Secrets of the past

2009-04-02 00:00

The scene is Cape Town, the time, very recent, and gentle archivist (and erstwhile activist) Macaulay Vogel is surprised to be telephoned at home by Deputy Minister D. K. Biyela. Secret security documents had been seized from the home of a retired general, who had apparently retained them for blackmail purposes, perhaps to protect himself and other high officers from prosecution. Only Vogel, implies the jovial D. K., may be trusted with such possibly contentious information. He’s to have an indefinite leave of absence from the State Archives, and has been given a special room at the Castle in which to study and organise the files.

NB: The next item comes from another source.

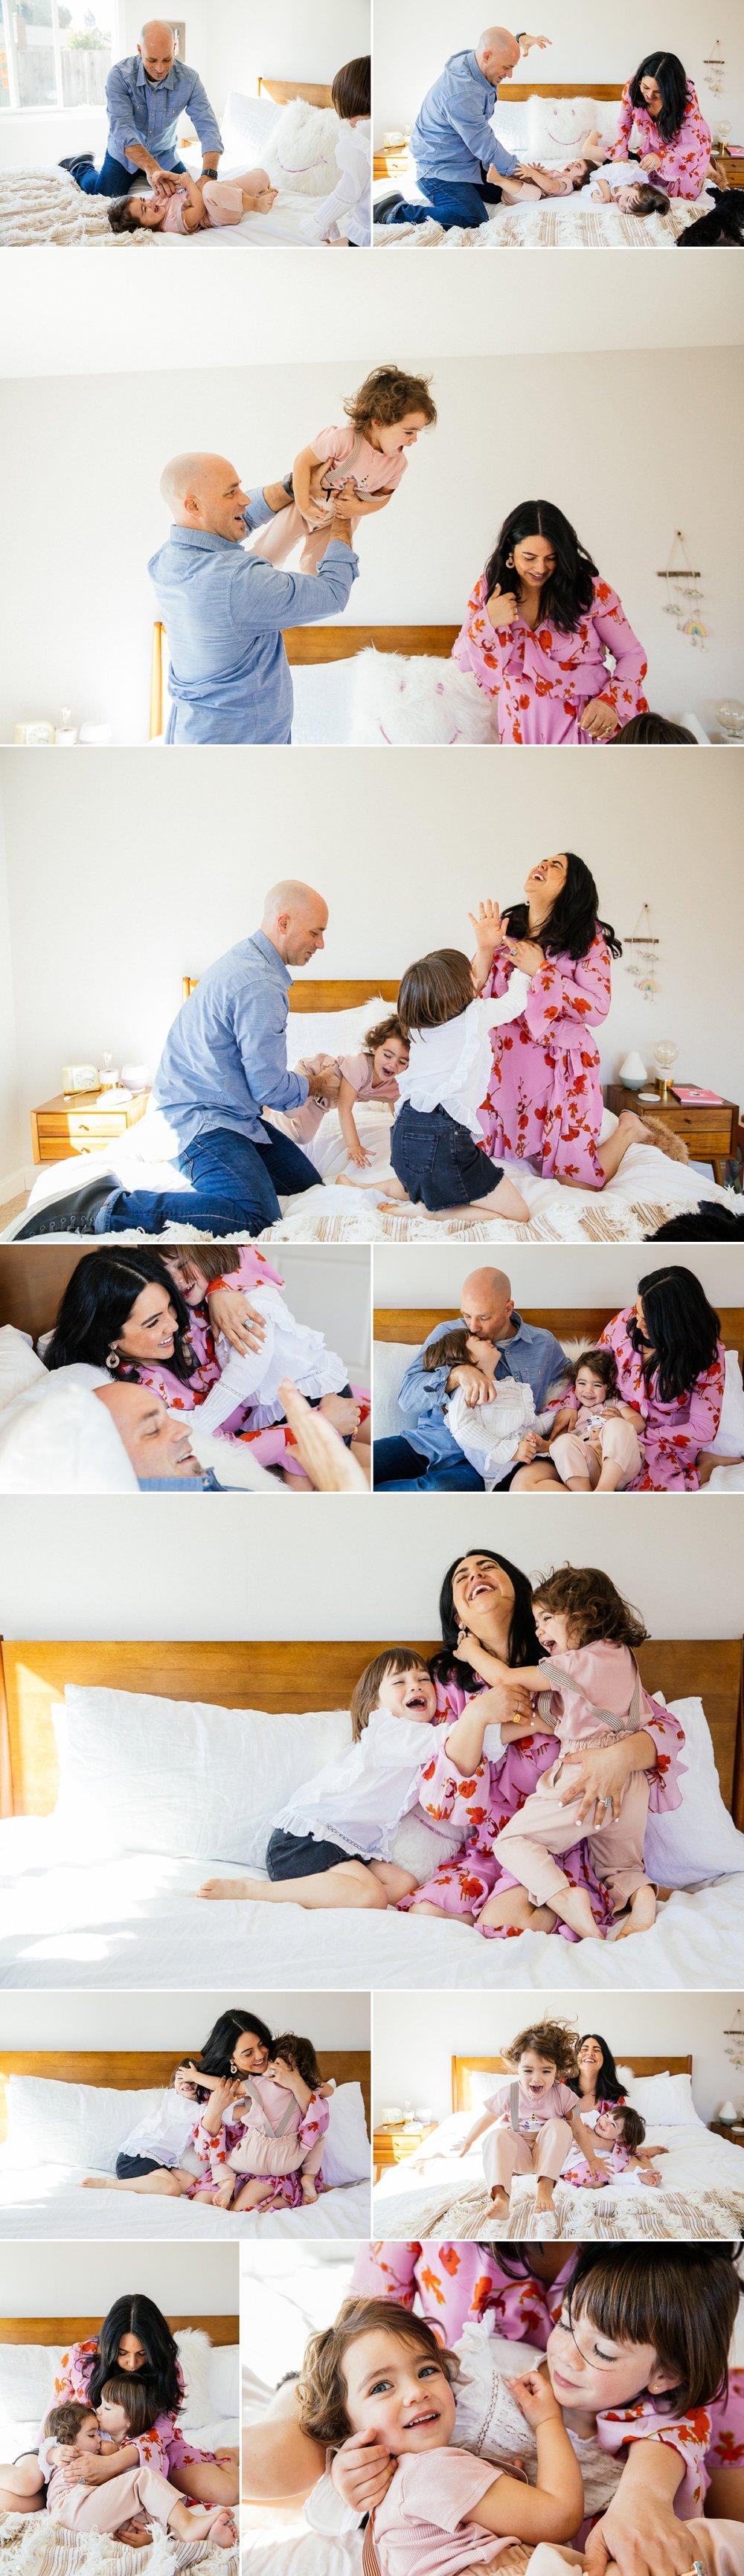 family photo session karla quiz.jpg

Vogel is delighted, even though the task is messy and somewhat overwhelming — until he suddenly comes upon a minutely detailed surveillance file about himself, and fails to recognise the youthful Macaulay Vogel. Who had he been? How had he evolved into the self he now is? Driven to find answers he revisits old friends, comrades and even opponents from the struggle days, only to discover that no one wants the past raked up any more. Those faced with his persistent, increasingly desperate questioning try to laugh him out of it. When he won’t be fobbed off, they become hostile. And still he can’t stop searching for the truth — a process paralleled by the excavation in central Cape Town of what may have been a secret slave burial pit. The disinterment occasions much racial and social anger, and violence threatens, the atmosphere thickened by brutal summer heat and the choking smoke and cinders from fires ravaging Table Mountain.

If Vogel has questions about his background, so do we. Why is he so solitary, living alone in the old family home, as dark and cavernous within as the sunlit street outside is garish? Who is the mysterious Marda, and why does he buy those extravagant bunches of flowers each week? And what is the skeleton, perhaps also one that has slave or racial connections, that Vogel keeps buried deep in his past?

This is a powerful novel, ironic and sorrowful in its rendering of today’s South Africa, loving in its evocation of Cape Town, movingly humane in its examination of the corrosive effect on a sensitive human being of secrets kept too long, of hopes and ideals destroyed and of lost love. It tells believably of an idealist who, lacking the cynicism to “move with the times” like his former comrades, is losing his way, his grasp on reality and, eventually — or so it seems — his sanity. Thoroughly gripping — although it would have been nice not to be brought up short every so often by sloppy proof-reading.